[Opening Data excerpt section]

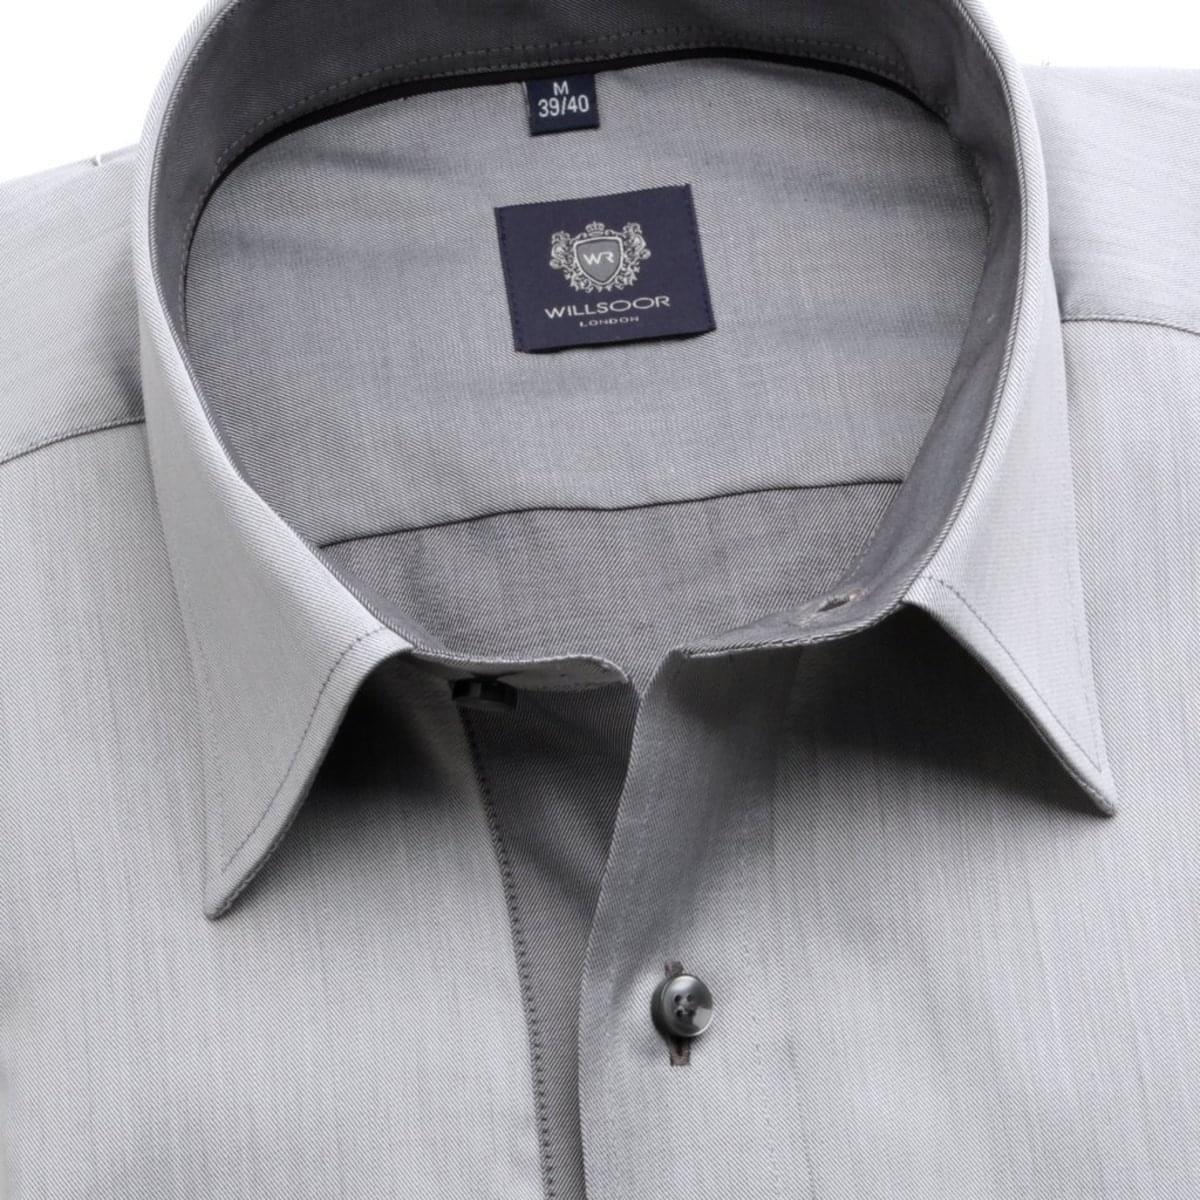 Pánska klasická košeľa London (výška 176-182) 6300 v šedé farbe s formulou Easy Care 176-182 / XL (43/44)
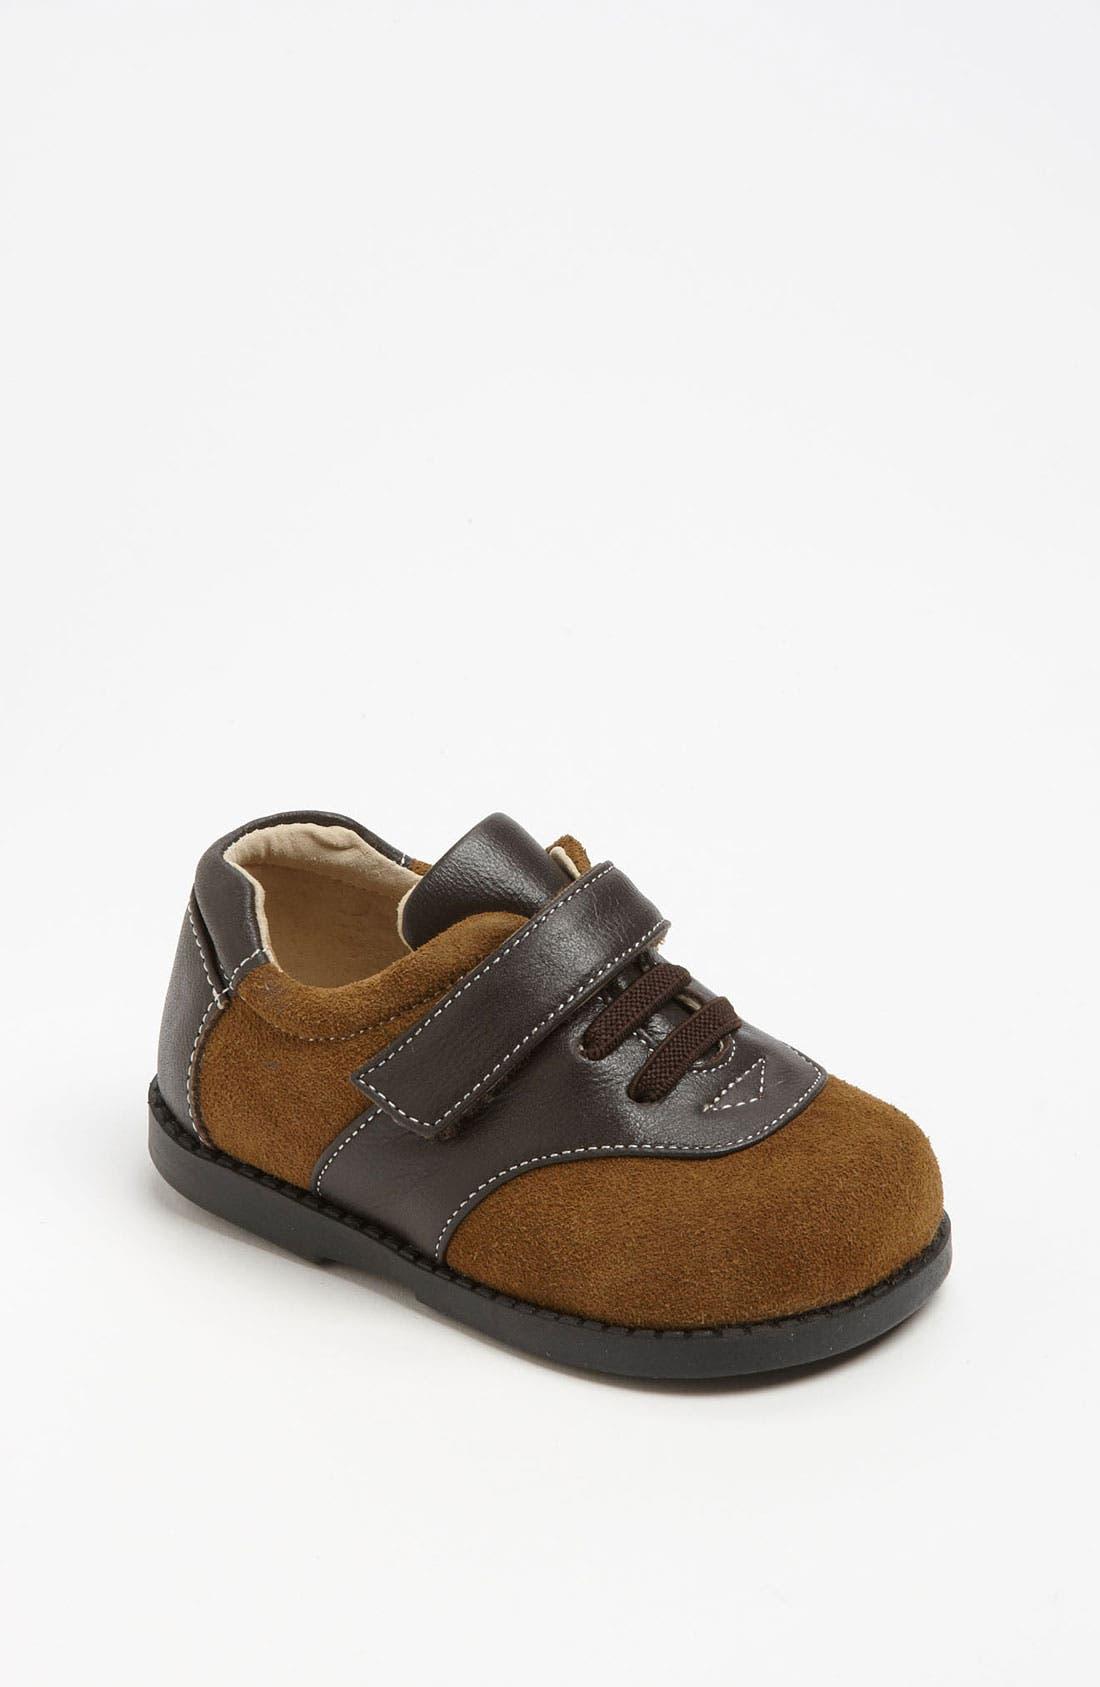 Main Image - See Kai Run 'Joshua' Dress Shoe (Baby, Walker & Toddler)
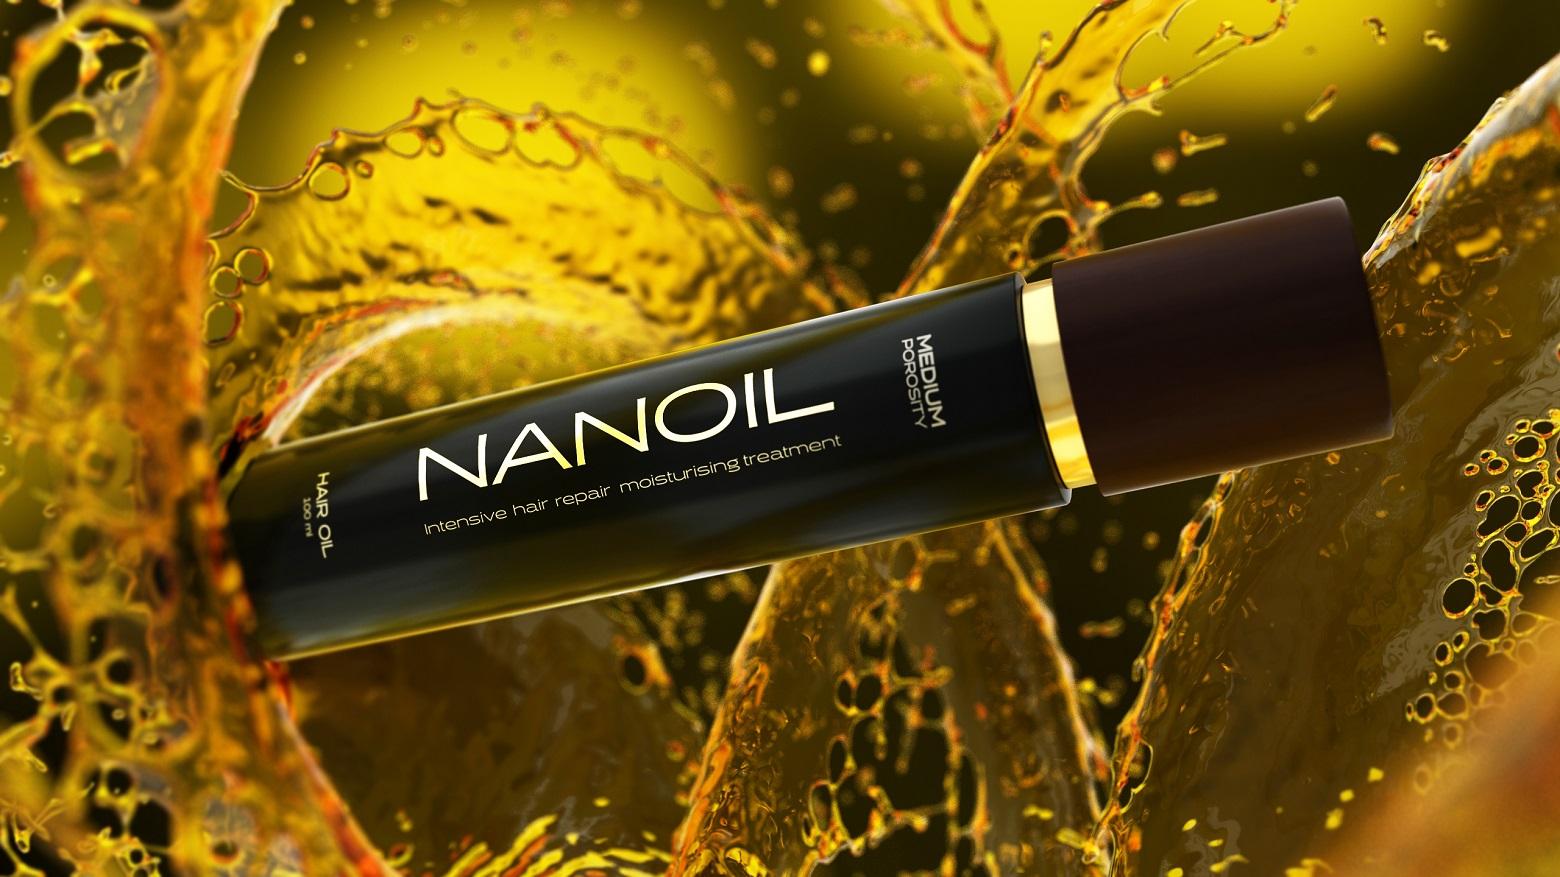 Dwa kroki do pięknych włosów. Poznaj siłę natury z Nanoil!
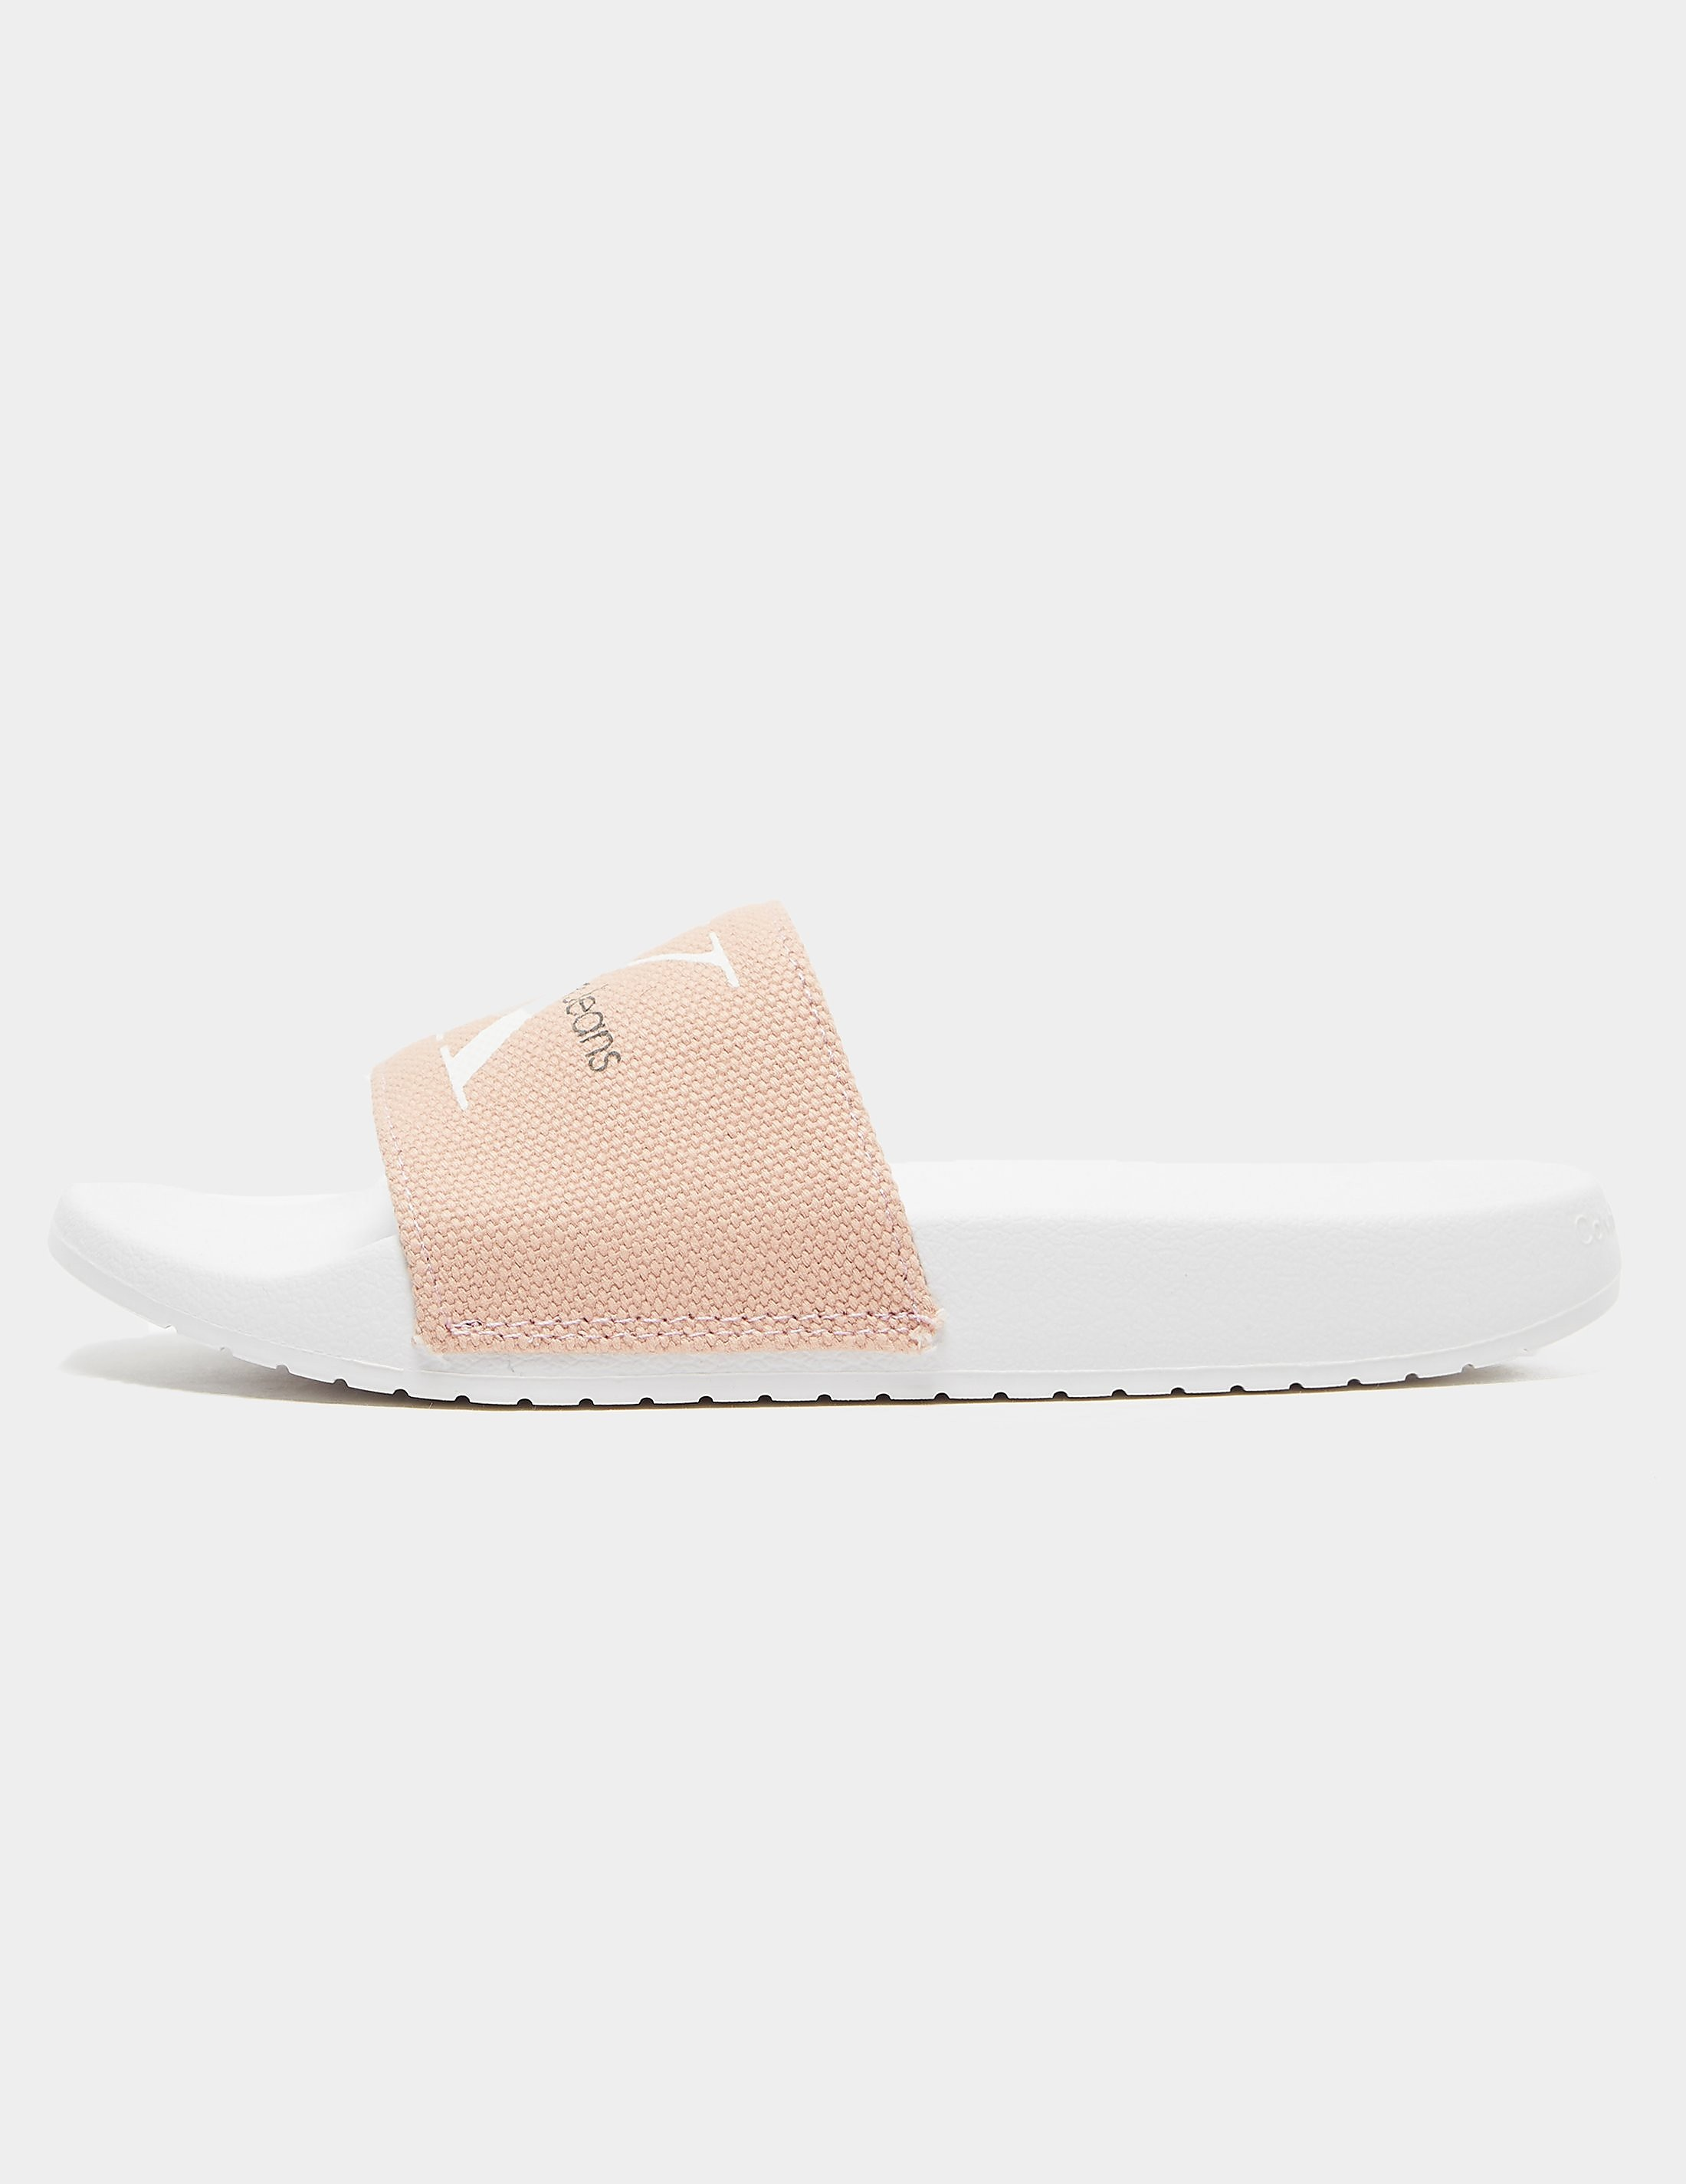 Calvin Klein CK Slides Women's

[Closing Data excerpt section]

Pictures stay out; reproduce exactly the lines from the one containing "Main Image - See" through the end of the data.

§ Result for this task:
 Main Image - See Kai Run 'Joshua' Dress Shoe (Baby, Walker & Toddler)
 Dwa kroki do pięknych włosów. Poznaj siłę natury z Nanoil!
 Calvin Klein CK Slides Women's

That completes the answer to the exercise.